When I lived in Argentina, dogs were everywhere. Street dogs were easy to tell from pet dogs, because they were always a mix of breeds, creating a medium-sized animal with a short, wiry coat. Pet dogs could be identified as a particular breed, usually a small one.
Argentineans loved their dogs, and often dressed them in clothing, complete with booties on their feet and ribbons in their fur. The street dogs were no less loved, and people often gave them scraps of food.
The street dogs formed packs and patrolled specific neighbourhoods. I was escorted many times by a dog to the end of a block, where he would refuse to go any further.
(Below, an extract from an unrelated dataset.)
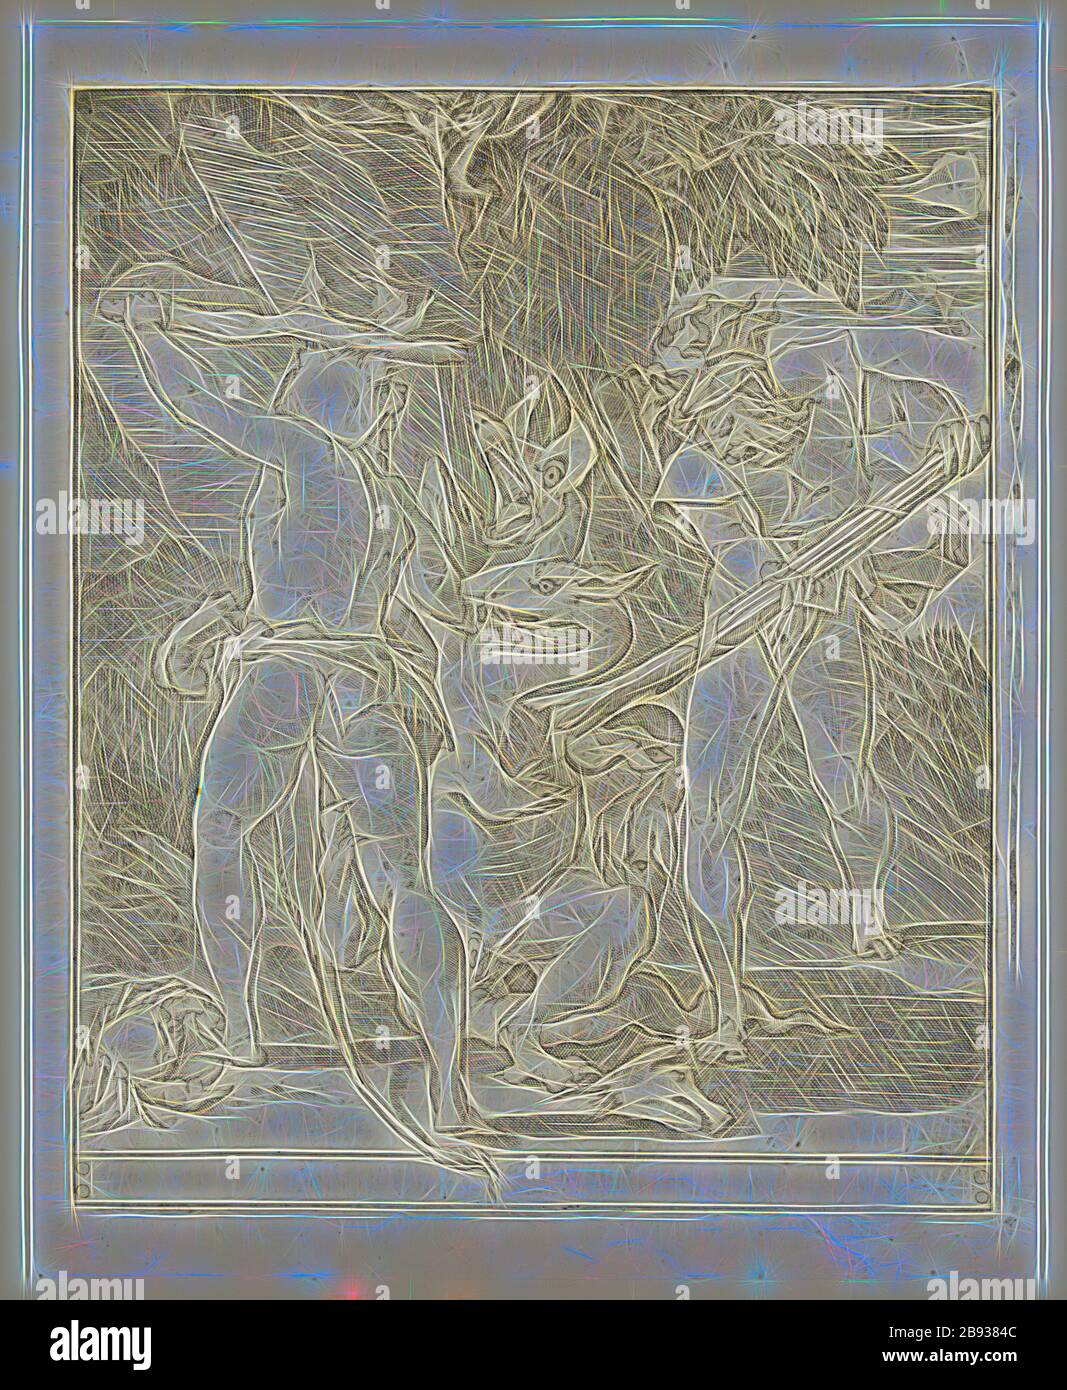 GIAN Jacopo Caraglio, Italien, 1500-1570, Hercules tuant l'Hydra de Lerna, entre 1500 et 1570, gravure imprimée à l'encre noire sur papier ponté, plaque: 8 5/8 × 7 1/8 pouces (21.9 × 18.1 cm), repensée par Gibon, conception de glanissement chaud et gaie de rayons de lumière radiance. L'art classique réinventé avec une touche moderne. La photographie inspirée du futurisme, qui embrasse l'énergie dynamique de la technologie moderne, du mouvement, de la vitesse et révolutionne la culture. Banque D'Images

While the dogs were friendly, they had the habit of being in places where I was not as happy to see them. Despite being repeatedly shooed by waiters, outdoor restaurants were plagued by them. So were the beaches. The dogs loved chasing the tide as it flowed in and out, or barking at the fishermen as they brought in their day’s catch. The dogs also liked inviting themselves to spend time with the people on the beach.
I was on the beach one beautiful, warm day with some friends. I was just about to doze off, when suddenly something threw sand all over me and my towel. I looked up and saw a dog running around our group and wagging his tail. He sat in front of my friend Nikki, who put both hands on the dog and tried to push him away. Instead of leaving, he moved to sit on her towel.
“No,” said Nikki, trying to push him off. “I want to lie down.”
In response, the dog lowered himself to lie where he was, wagging his tail and panting happily.
The dog ended up staying with us for about an hour. Nikki gave up and grudgingly surrendered half her towel to him.
Wealthy families in Buenos Aires hired professional dog walkers for their pets. I was quite impressed the first time I saw one confidently walking down the street with five dogs on a leash. Later, I was very impressed when I saw another with upwards of 10.
I came across a few enclosed areas throughout the city where the dog walkers kept the animals before their walk. Dogs of similar types were kept together – all the medium-sized ones were in a group, and all the fluffy white ones were in another group. While they walked the dogs, the dog walkers did not pick up after them. I learned to be careful where I walked.
About a block from where I lived was a villa, the Argentinean word for a shantytown. It wasn’t dangerous, though I wouldn’t want to walk through it at night. During the day, the kids that lived there played soccer in the street. Usually, dogs would either watch them or chase after the ball as if they were a player themselves. If a car drove through the street, the kids would move to the sides so it could pass, but the dogs would chase it and bark. If I was in the car, I always worried they would get hit, but they never did.
Sylvan Lake has a number of bylaws in place for dog owners. Among them are bylaws prohibiting dogs from being at large, from chasing after vehicles, and from being on the grass near the lake. Owners must also pick up after their pets.
The street dogs in Argentina were in every city I visited. They were as common as steakhouses and cafes playing tango music. While at times they were helpful (I trusted their judgment of when it was safe to cross the street), more often than not, they were a nuisance.
Here in Sylvan, there is a reason you can feel relatively secure walking on the grass in bare feet, or why a dog chasing your car is not normally a concern. The reason is because pet owners here usually keep them under control. While cleaning up after a dog is not anyone’s idea of fun, it’s part of owning a dog, and ensures public areas can be enjoyed by everyone the way they were meant to be.